The professional relationship gradually develops into mutual respect and shared background among the two men, with Sandro eventually beginning to date Nino's daughter. Eventually their first trip as independent delivery company is successful, although just barely so.
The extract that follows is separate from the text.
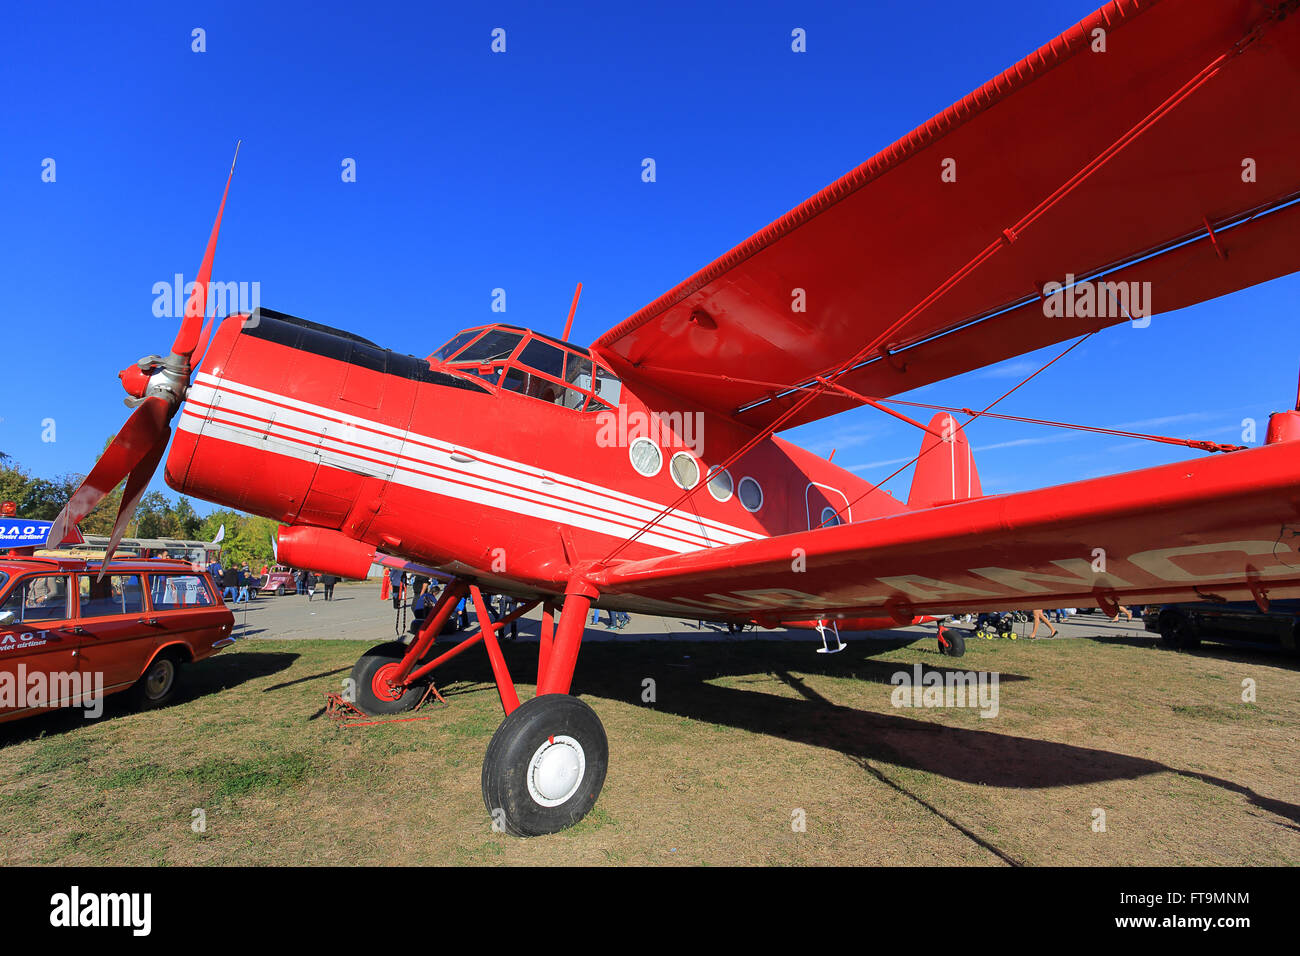 Biplane Antonov An-2 - Stock Image

By the end of the movie, three co-protagonists are made very familiar to the audience: the two men, as well as their truck ("il bestione" i.e. "The Beast"), personification of blue-collar work.

==Cast==
- Giancarlo Giannini as Nino Patrovita
- Michel Constantin as Sandro Colautti
- Giuseppe Maffioli as Super Shell
- Giuliana Calandra as Amalia
- Dalila Di Lazzaro as Magda
- Enzo Fiermonte as Matteo Zaghi
- Jole Fierro as the former wife of Colautti
- Philippe Hersent as Owner of CISA Car Company
- Carlo Gaddi as Camorrista
- Gabriella Giorgelli as Zoe
- Attilio Duse as Truck driver
- Anna Mazzamauro as Friend of Amalia
- Giorgio Trestini as Andrea
- Imma Piro as Lella Colautti
- Franco Angrisano as Mafioso
- Romano Puppo as Dutch Driver
- Franca Scagnetti as Receptionist
- Sergio Testori as Dutchman

==Release==
The film premiered on 20 November 1974 in Paris and screened in West Germany on 14 February 1975 as Die Cleveren Zwei with an Warner-Columbia Filmverleih distribution.